MIT senior math major Ben Campbell (Sturgess) is accepted into Harvard Medical School but cannot afford the $300,000 cost. Despite boasting a 44 MCAT score and a 4.0 GPA, Ben faces fierce competition for the prestigious Robinson Scholarship which would provide a “free ride” through medical school. He is told that he needs a way of “dazzling” Harvard in some way to stand out from the other extremely well-qualified applicants.

One day in math class, Professor Micky Rosa (Spacey) challenges Campbell with the Monty Hall problem, which Campbell solves successfully by using variable change and simple math. Seeing talent, Rosa invites Campbell to join his blackjack team, which consists of fellow students Choi (Yoo), Fisher (Pitts), Jill (Bosworth) and Kianna (Lapira). The system involves card counting, and the team—shepherded by Rosa—is split into two groups. “Spotters” play the minimum bet and keep track of the count. They send secret signals to the “big players,” who place large bets whenever the count at a table is favorable. Campbell is unsure at first, but decides to join the team, telling Rosa he is only doing so until he can pay for medical school.
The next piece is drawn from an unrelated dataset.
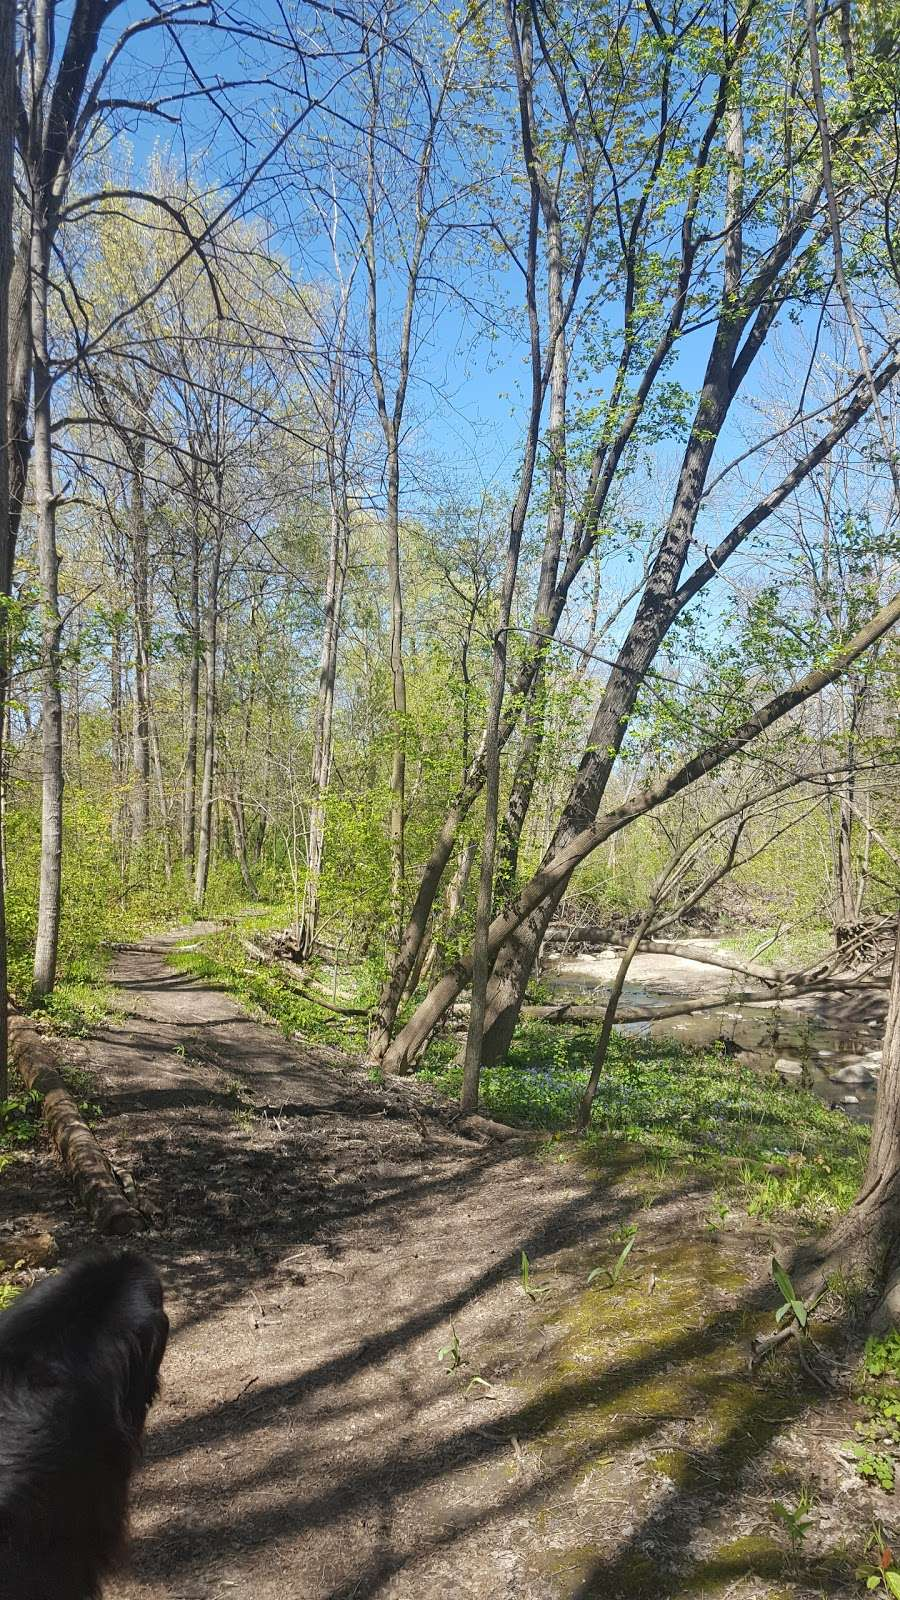 Kinnickinnic River Parkway - park  | Photo 5 of 10 | Address: W Rita Dr, Milwaukee, WI 53219, USA | Phone: (414) 643-0120
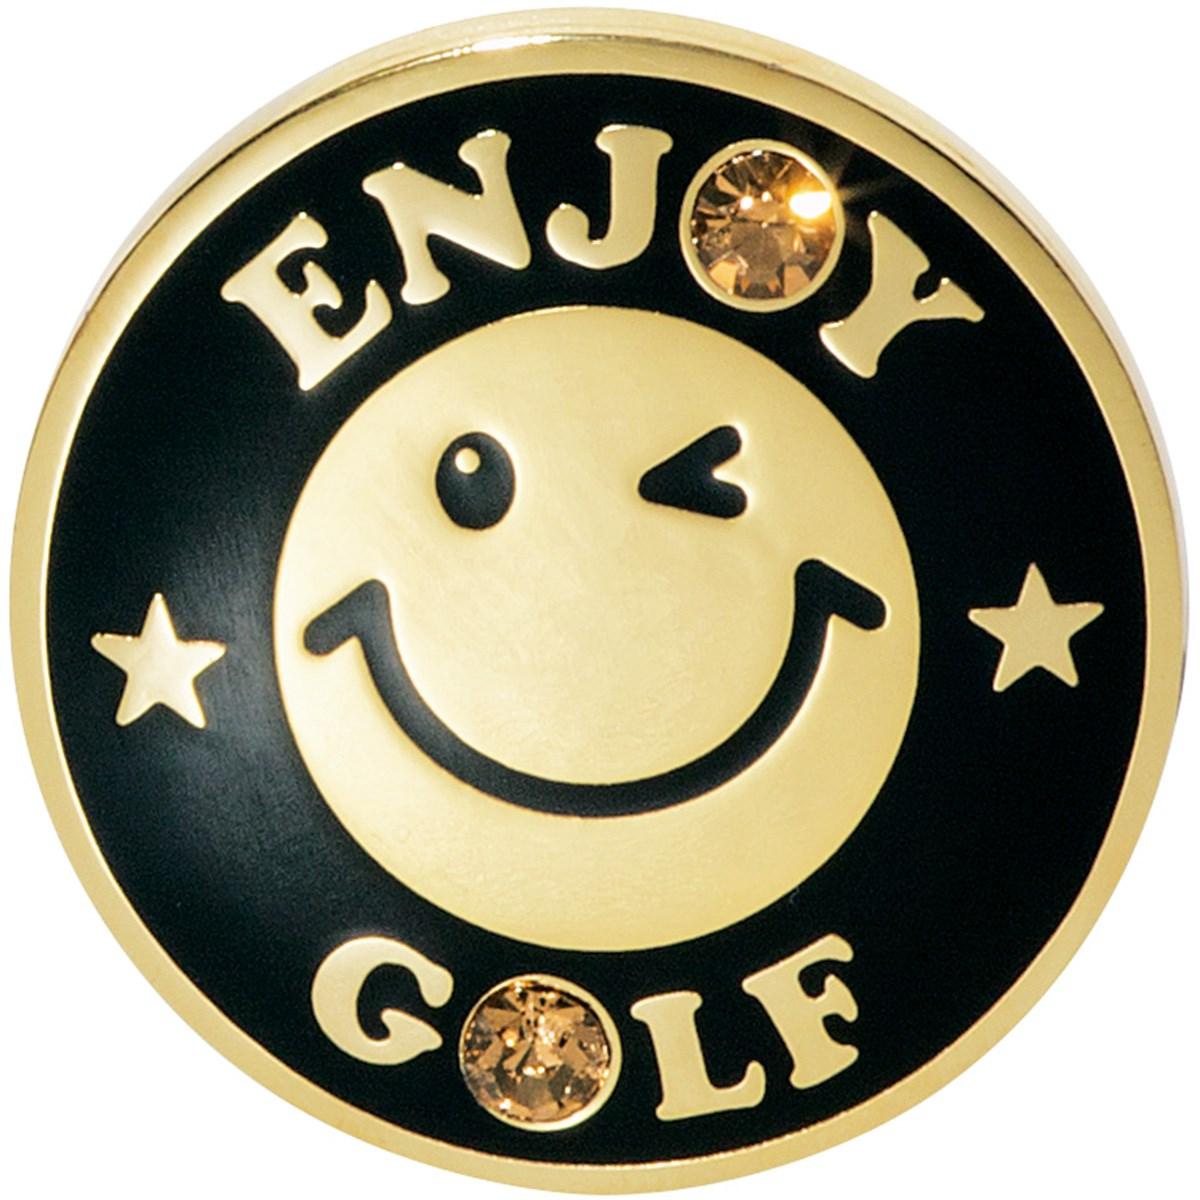 WINWIN STYLE ENJOY GOLF Gold Ver. マーカー

Rosa takes the team to Las Vegas over many weekends; Campbell comes to enjoy his luxurious lifestyle there. His performance as a “big player” impresses Rosa, but Fisher becomes jealous at Campbell’s blackjack success. Rosa kicks a drunken Fisher off the team after he insults Campbell and incites a melee that requires the team to quickly “cash out” (using dancers from their usual strip-club meeting place) before the casino switches chips. Ben and Jill also develop a mutual attraction, which culminates in the pair having a sexual encounter in Jill’s suite. Meanwhile, security chief Cole Williams (Fishburne) and his sidekick Terry (McGee) monitors the blackjack team, particularly Campbell.

Campbell, distracted by blackjack, botches his part of a project for the 2.09 engineering competition, estranging him from his pre-blackjack friends. During the next trip to Vegas, an emotionally-distracted Campbell continues playing even after he is signaled to walk away, losing $200,000. An angry Rosa leaves the team and demands Campbell repay him for the loss. Campbell and his three remaining teammates agree to go into business for themselves. On their first attempt, however, Williams apprehends Campbell (having been anonymously tipped off by Rosa), physically assails him, then lets him go after giving him a death threat.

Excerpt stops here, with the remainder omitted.